It seems that it always needs some days to update documents every time after a new version of Racket released.

@mflatt said yesterday it would get updated this weekend

@willbanders The problem with your last bit of code is that you can’t use #:with
inside of patterns like that; it gets interpreted as just a keyword to match literally, and the things after it are also just interpreted as patterns. That means syntax-parse thinks you have a pattern variable called l.v
in addition to l:bound2
which I assume binds l.v
as a nested attribute. That’s where the error is coming from.

Your second bit of code should work, but if it’s in another syntax class, you probably have to export the attributes explicitly. Here’s an example:
(define-syntax-class bound2
(pattern [v i]))
(define-syntax-class thing
#:attributes (l.v l.i)
(pattern (_ (~optional l:bound2
#:defaults ([l.v #'1] [l.i #'2])))))
(syntax-parse #'(x [y z]) [t:thing #'t.l.v]) ;; => #'y
(syntax-parse #'(x) [t:thing #'t.l.v]) ;; => #'1

@ryanc Yep, you’re exactly right that #:with
was getting interpreted as input - figured that out eventually xD. Specifying the attributes is also something that allowed me to remove a lot of unnecessary #:with
renaming. The rest of things I managed to piece together with the main help being (~bind)
. Here’s the current result:
(define-splicing-syntax-class bounds
#:attributes(l.v l.i u.v u.i)
(pattern (~seq (~optional l:bound
#:defaults([l.v #'null] [l.i #'null]))
u:bound))
(pattern (~seq (~optional (~seq (~or (~seq #:incl (~bind [l.i #'#t]))
(~seq #:excl (~bind [l.i #'#f])))
l:value)
#:defaults([l.v #'null] [l.i #'null]))
(~or (~seq #:incl (~bind [u.i #'#t]))
(~seq #:excl (~bind [u.i #'#f]))
(~seq (~bind [u.i #'l.i])))
u:value))))

Thanks a lot for your suggestions though, really helped me clean things up a bit. I’m sure there’s probably more though xD

I am missing something obvious, but what? This doesn’t work:
#lang racket
(require racket/place)
(define p1 (place ch1 1))
(place-wait p1)
(displayln "done")

Hello colleagues! I’ve a question about subbytes
efficiency, does it copy a byte-string or just return a pointer which tells from where to start/end?
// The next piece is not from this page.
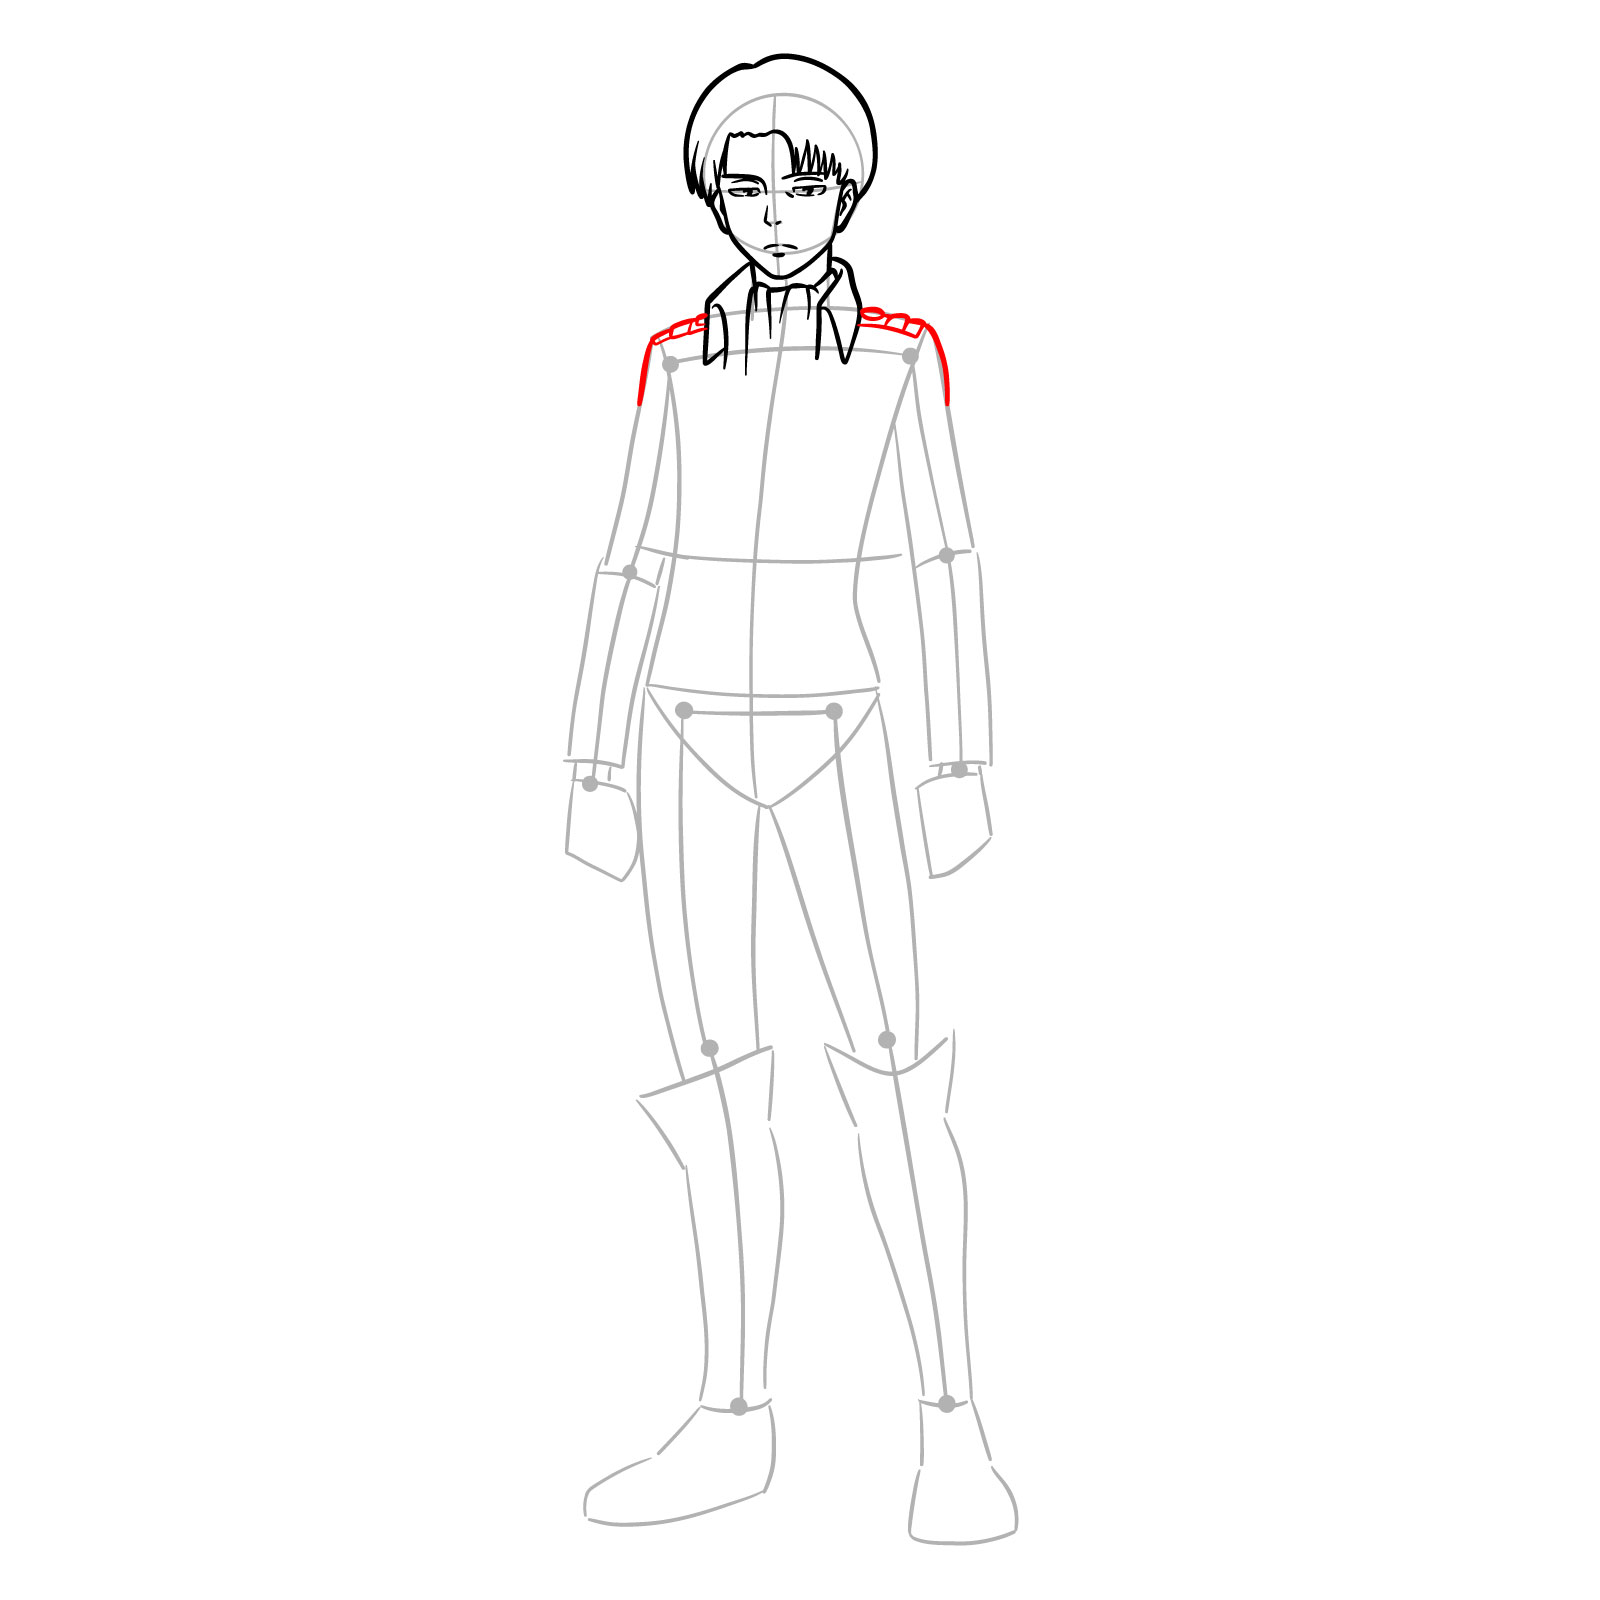 Shoulders and shoulder straps of Levi's uniform in full body sketch - step 11
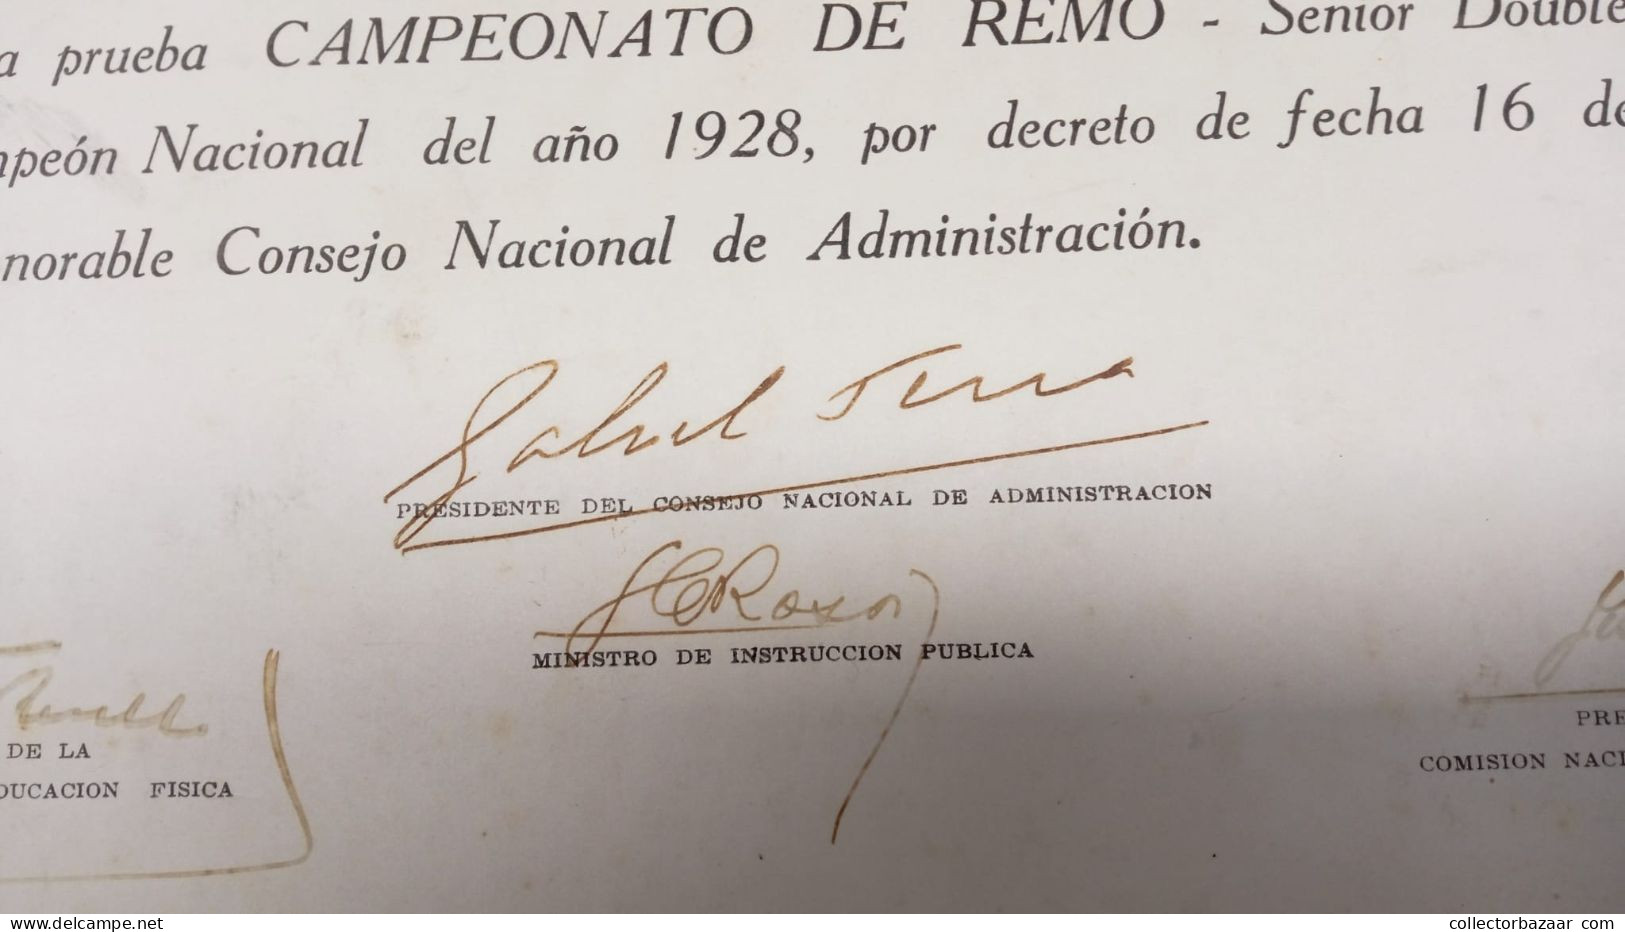 1926 - 1930 Uruguay National Rowing Champion 4 Diplomas With President Of Republic Autographs Brum Terra Serrato Nice - Rowing

It allocates a new byte string and copies the old one over.

Bad. Thank you!:+1:

Not sure if this is relevant. I’ve never used place myself:
> As part of the dynamic-require, the current module body is evaluated in the new place. The consequence of this second feature is that place should not appear immediately in a module or in a function that is called in a module’s top level; otherwise, invoking the module will invoke the same module in a new place, and so on, triggering a cascade of place creations that will soon exhaust memory.


Yep. That’s it. Since I used (place ch 1)
at the top-level, the dynamic-require
will evaluate the same place
expression, which will result in a new dynamic-require
etc.

Next question. Why does this program finish almost instantaneously? I was expecting to wait a minute before seeing any output:
#lang racket/base
(require racket/place)
(define (worker n)
(sleep 60)
(displayln n))
(define (start)
(define p1 (place ch1 (worker 1)))
(define p2 (place ch2 (worker 2)))
(place-wait p1)
(place-wait p2))
(start)

I can’t reproduce the behavior you described

As I understand, you should not (start)
at the top-level, due to the same reason (dynamic-require
creates places that calls dynamic-require
, etc.)

I follow the instruction on that tutorial page, pasting your code in DrRacket. Remove the last line. Save the file. Then, go to the REPL and enter (start)
. Then the program waits for 60s before printing output, as expected.

I am on 7.4 and ran it in DrRacket with “no debugging or profiling”. The output:
Welcome to DrRacket, version 7.4 [3m].
Language: racket/base [custom]; memory limit: 1024 MB.
#<place>
2
#<place>
1
0
>

I am on Racket 7.5 with “no debugging or profiling”

Here’s the output

Oh! Calling start
from the repl does wait 60 secs.

> (start)
1
2
0

Yup

I was looking at the Mandelbrot benchmark and wanted to add places.

And I’d ideally like a single file.

Still don’t get why the sleep call doesn’t have any effect.

If I run your original code (with the call to start
), then I get an out of memory error.

Odd. The standard Racket (not Racket CS)?

Yup, but 7.5

Okay - I see the same as you on 7.5. And an out memory error I can understand (same reason as before).

Probably a dumb question: How should I strip surrounding quotation marks from a string? (I’m trying to process strings in my tokenizer…)

(string-trim str "\"" #:repeat? #t)

Thanks! Works fine!

Very interested in this line from the release notes for 7.5: “GNU MPFR operations run about 3x faster.” Any details or PRs/commits I could read?